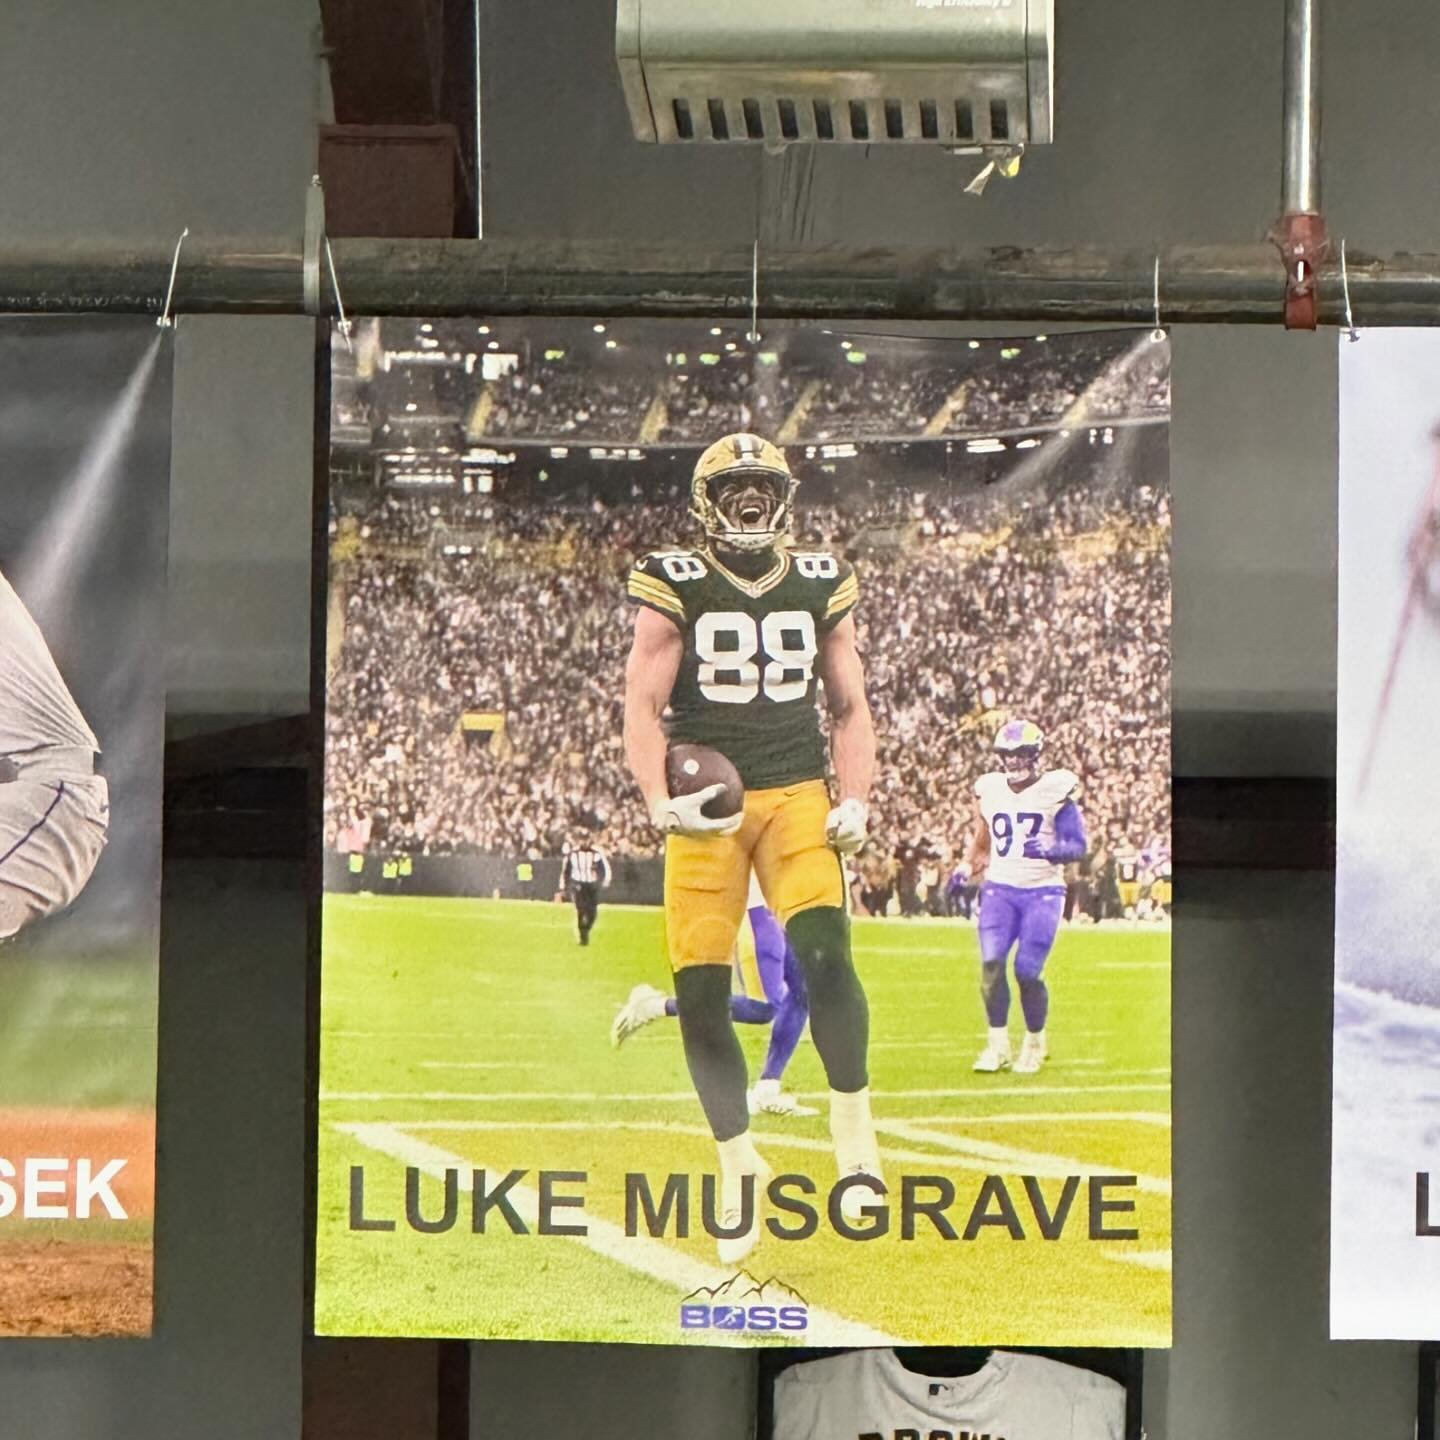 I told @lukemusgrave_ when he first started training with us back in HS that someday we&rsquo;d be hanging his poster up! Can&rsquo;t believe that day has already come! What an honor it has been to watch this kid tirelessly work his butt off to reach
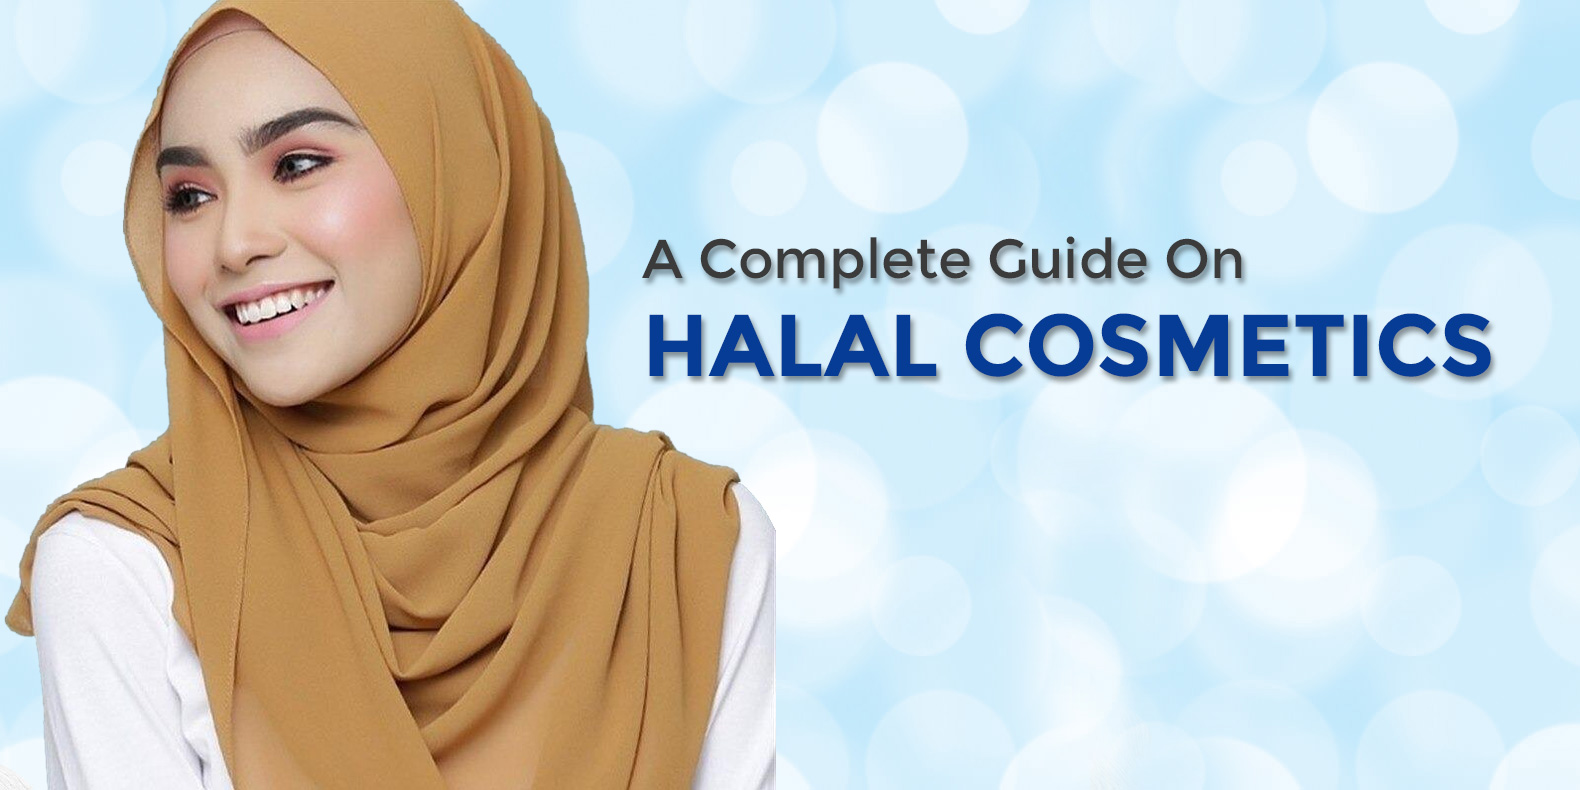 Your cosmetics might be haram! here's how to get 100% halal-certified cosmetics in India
* * *
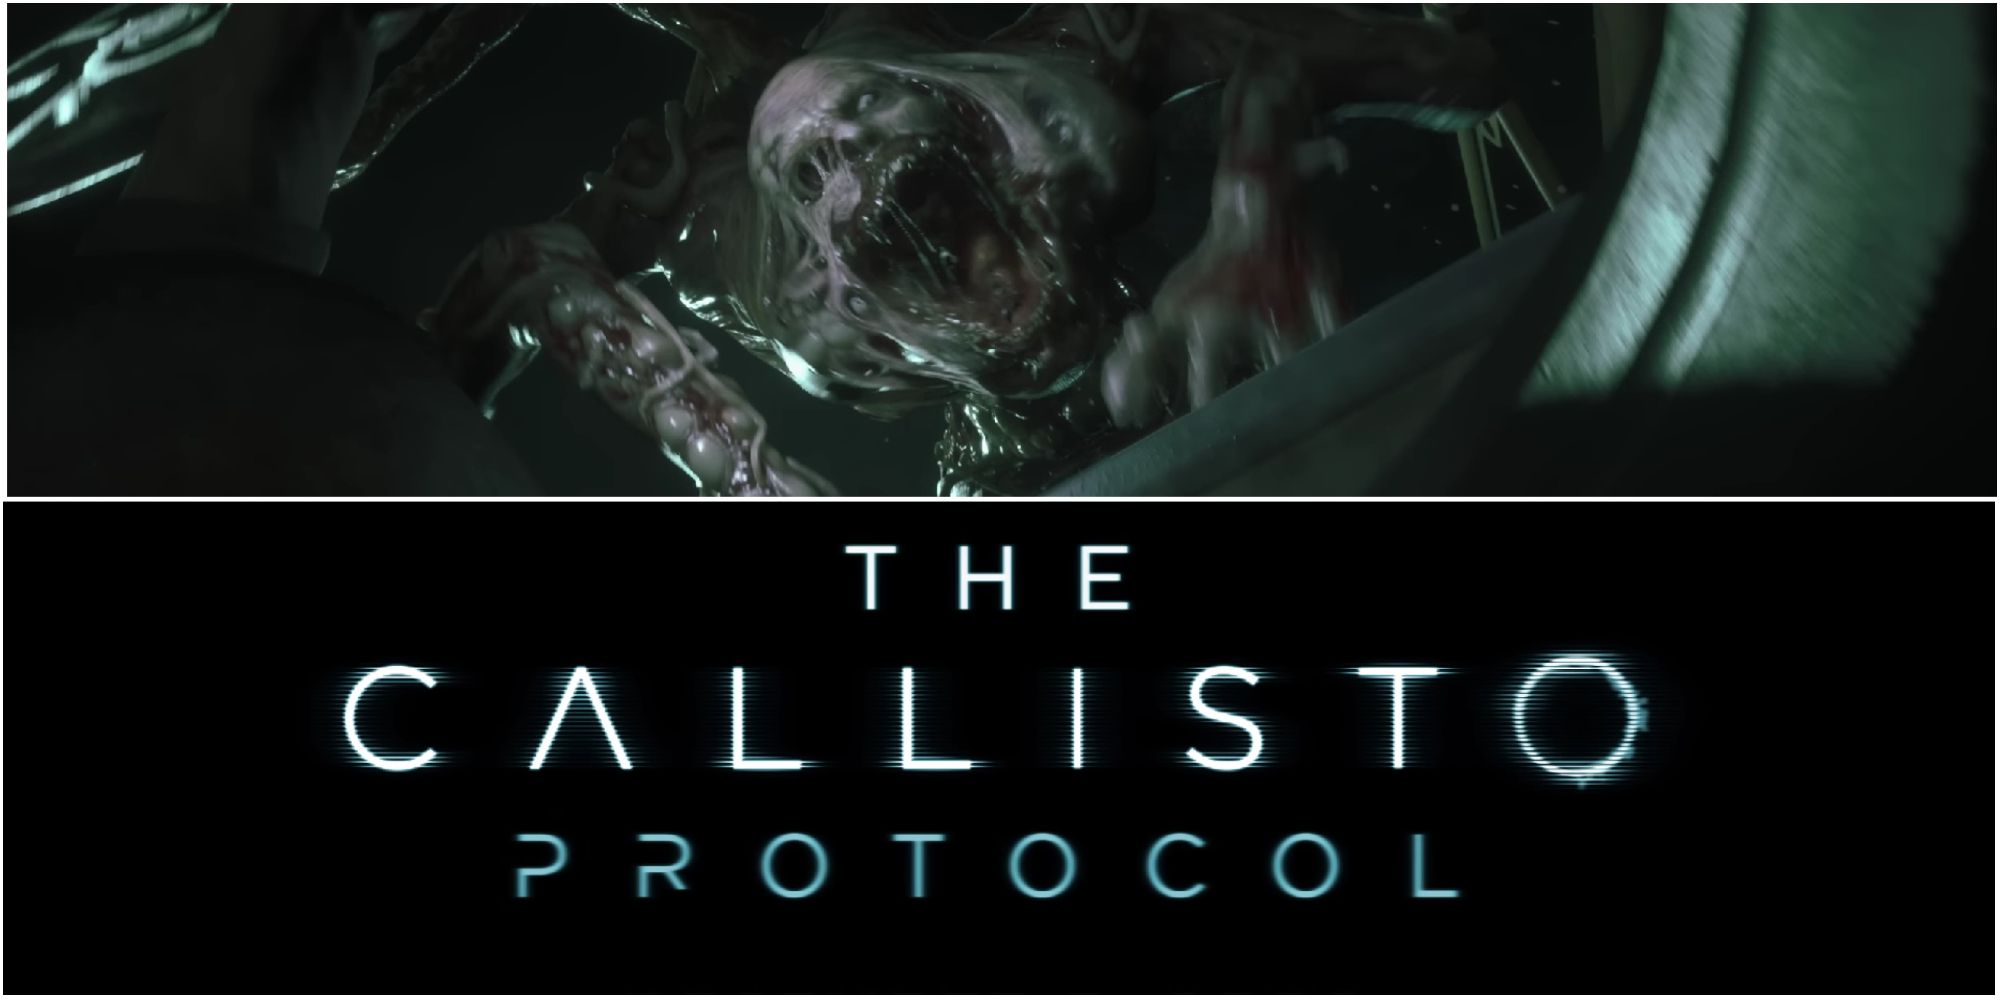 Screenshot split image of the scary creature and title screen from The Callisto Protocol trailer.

- **DESCRIPTION OF THE TASK**: In the listing above, find the line with "I told @lukemusgrave_" and the line with "Your cosmetics might". Set down both and every line between them, minus the pictures.

- **TASK RESULT**:
 I told @lukemusgrave_ when he first started training with us back in HS that someday we&rsquo;d be hanging his poster up! Can&rsquo;t believe that day has already come! What an honor it has been to watch this kid tirelessly work his butt off to reach
 Your cosmetics might be haram! here's how to get 100% halal-certified cosmetics in India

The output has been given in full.